__Task objective__. Please reproduce the listing word for word. Pictures stay out.

__Dataset section__.
+--

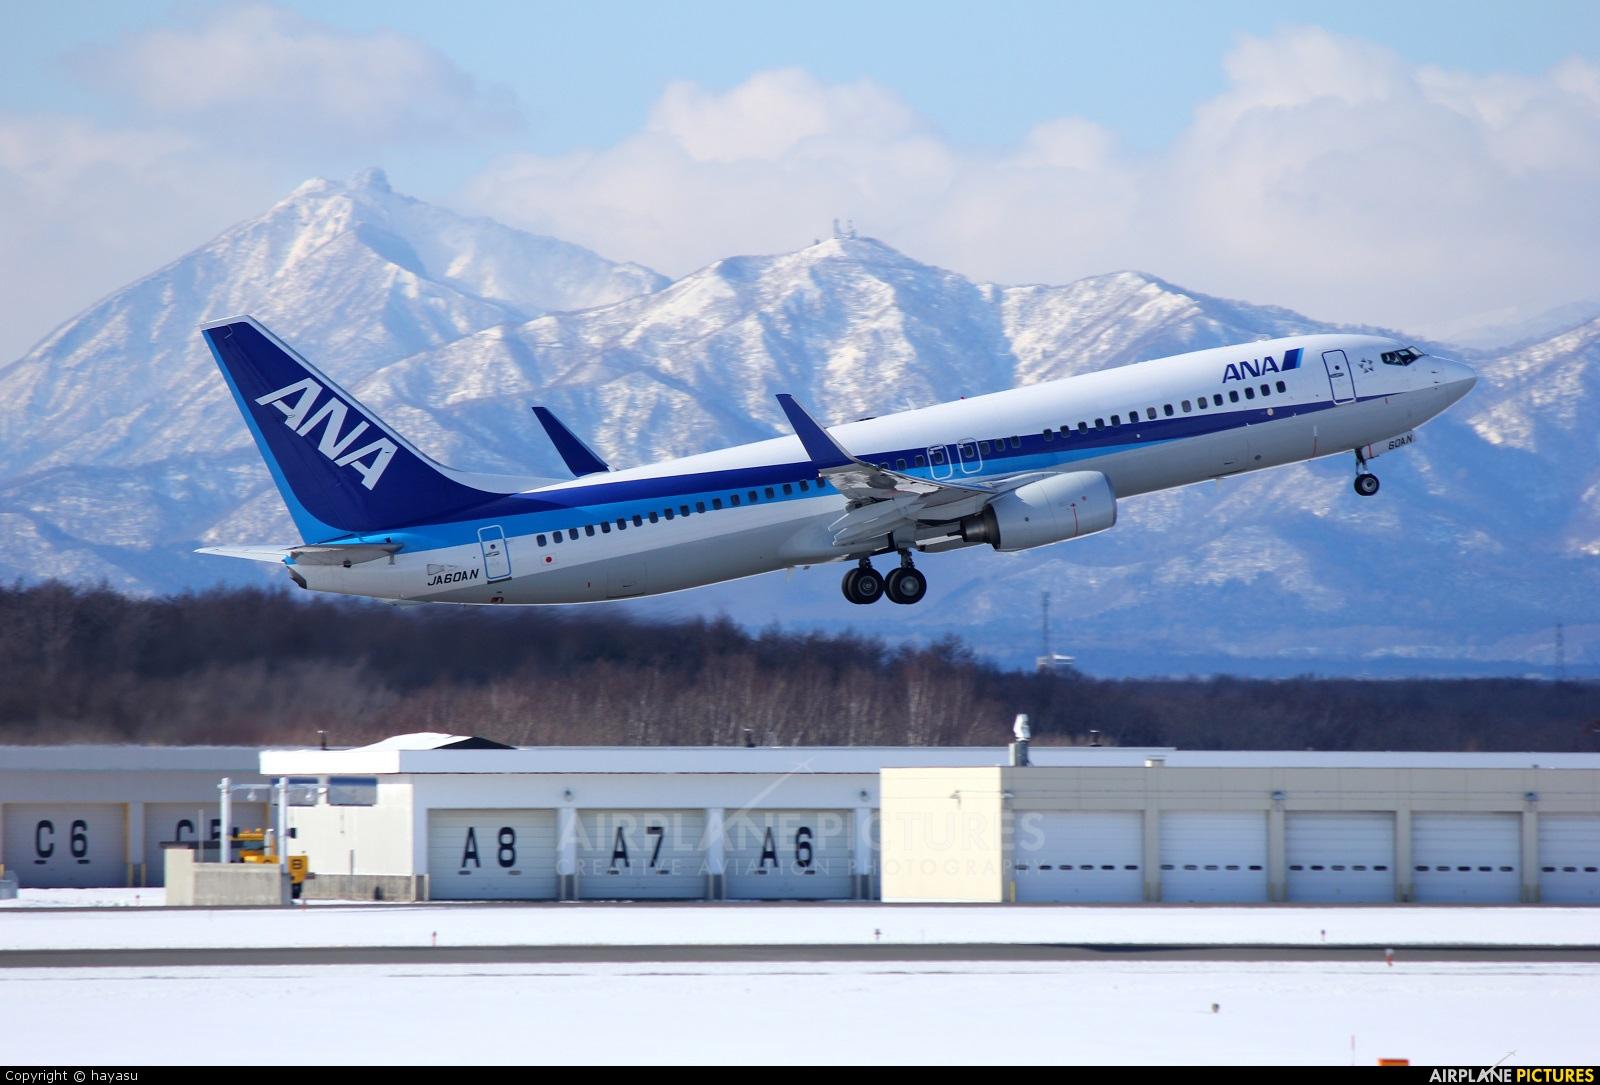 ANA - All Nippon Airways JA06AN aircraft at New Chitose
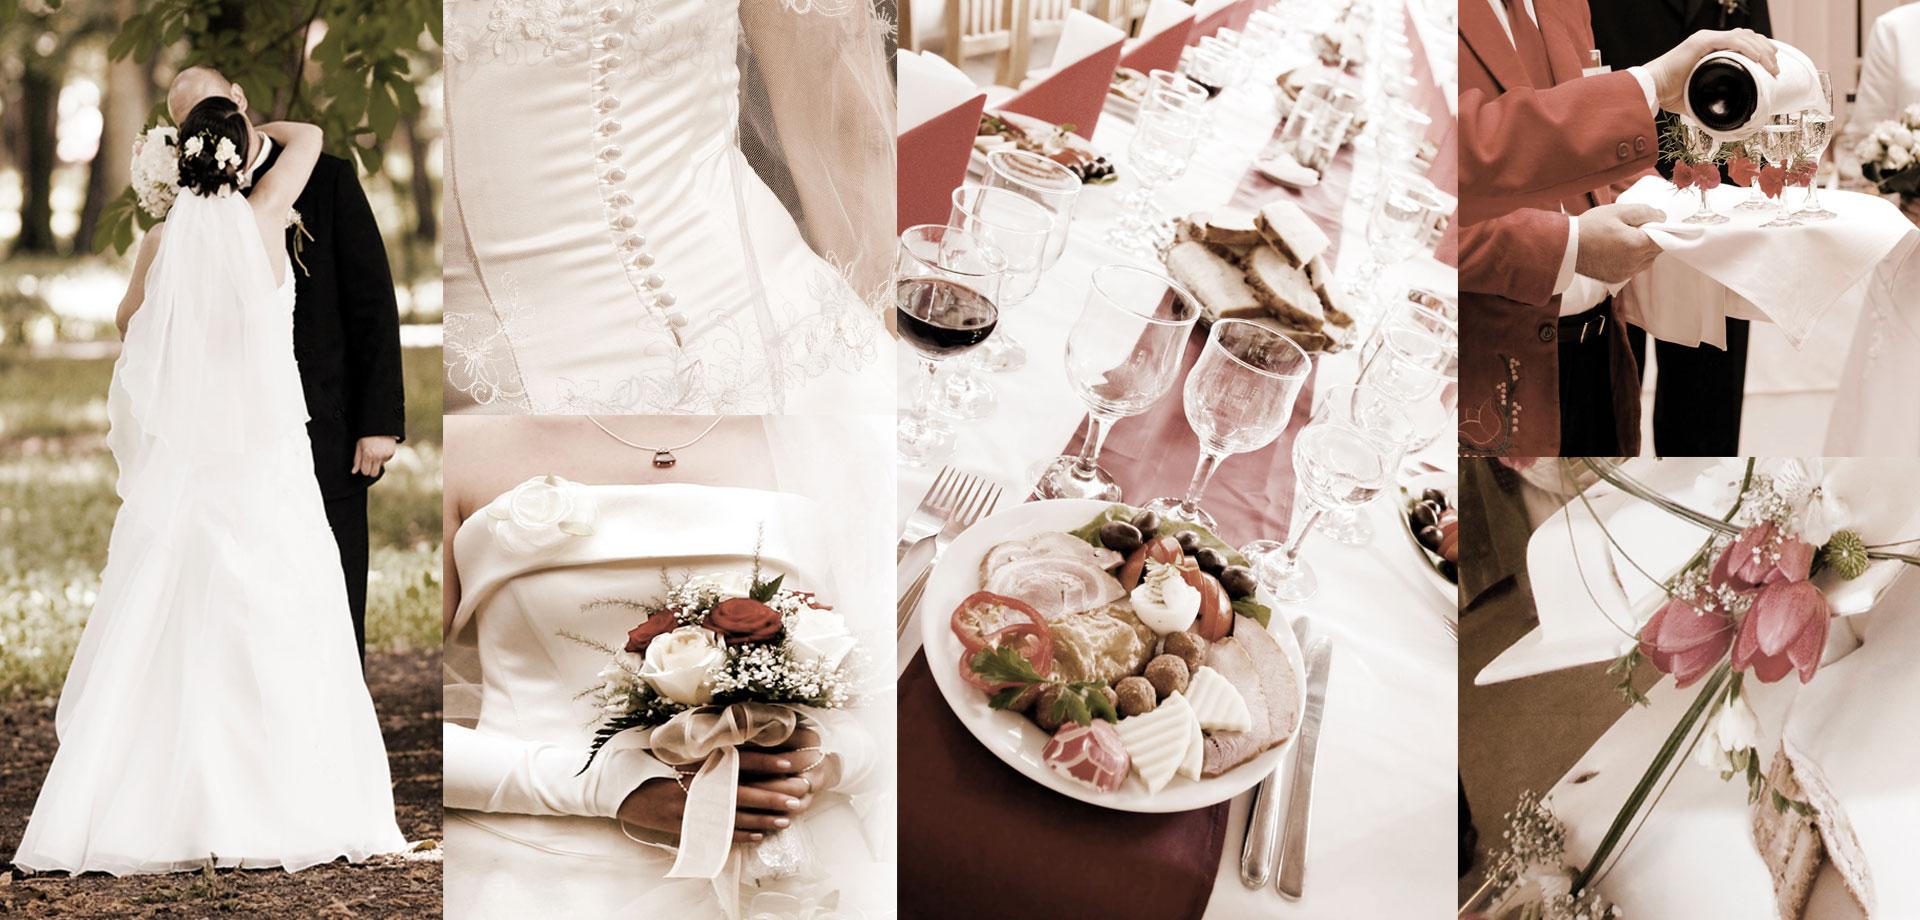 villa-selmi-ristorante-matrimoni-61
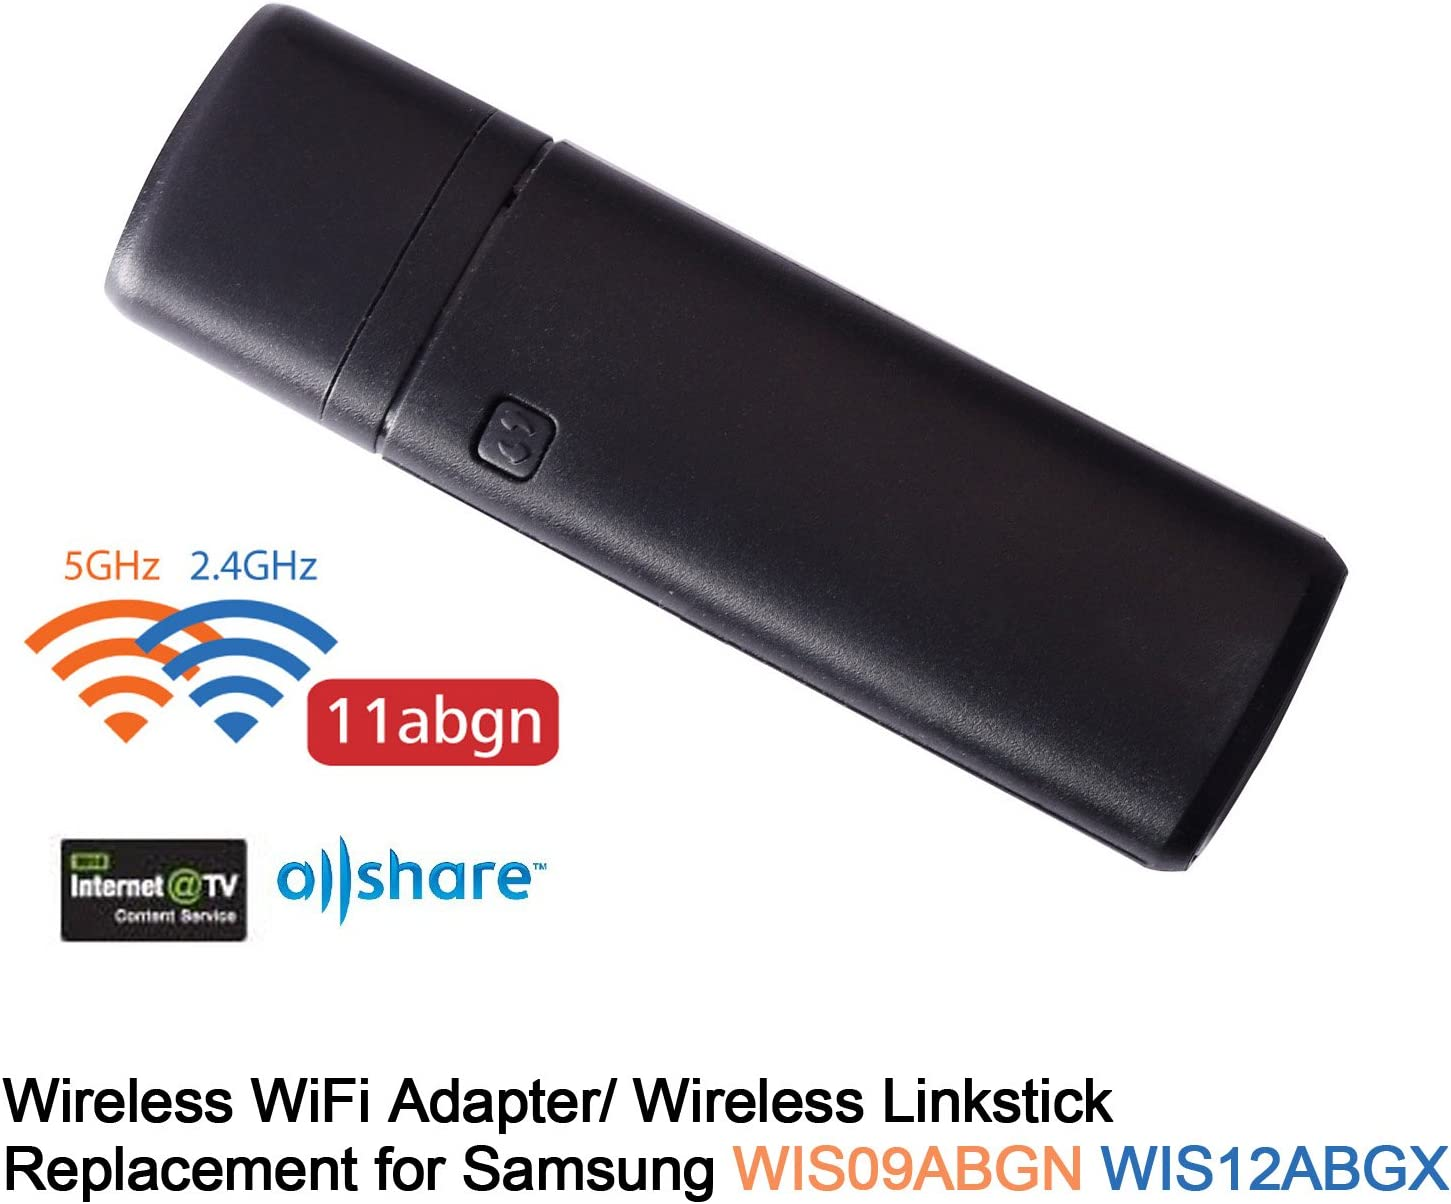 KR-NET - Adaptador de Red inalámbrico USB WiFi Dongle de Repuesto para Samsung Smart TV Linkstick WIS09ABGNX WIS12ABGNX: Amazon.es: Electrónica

+--

__Answer for the task__.
 ANA - All Nippon Airways JA06AN aircraft at New Chitose
 villa-selmi-ristorante-matrimoni-61
 KR-NET - Adaptador de Red inalámbrico USB WiFi Dongle de Repuesto para Samsung Smart TV Linkstick WIS09ABGNX WIS12ABGNX: Amazon.es: Electrónica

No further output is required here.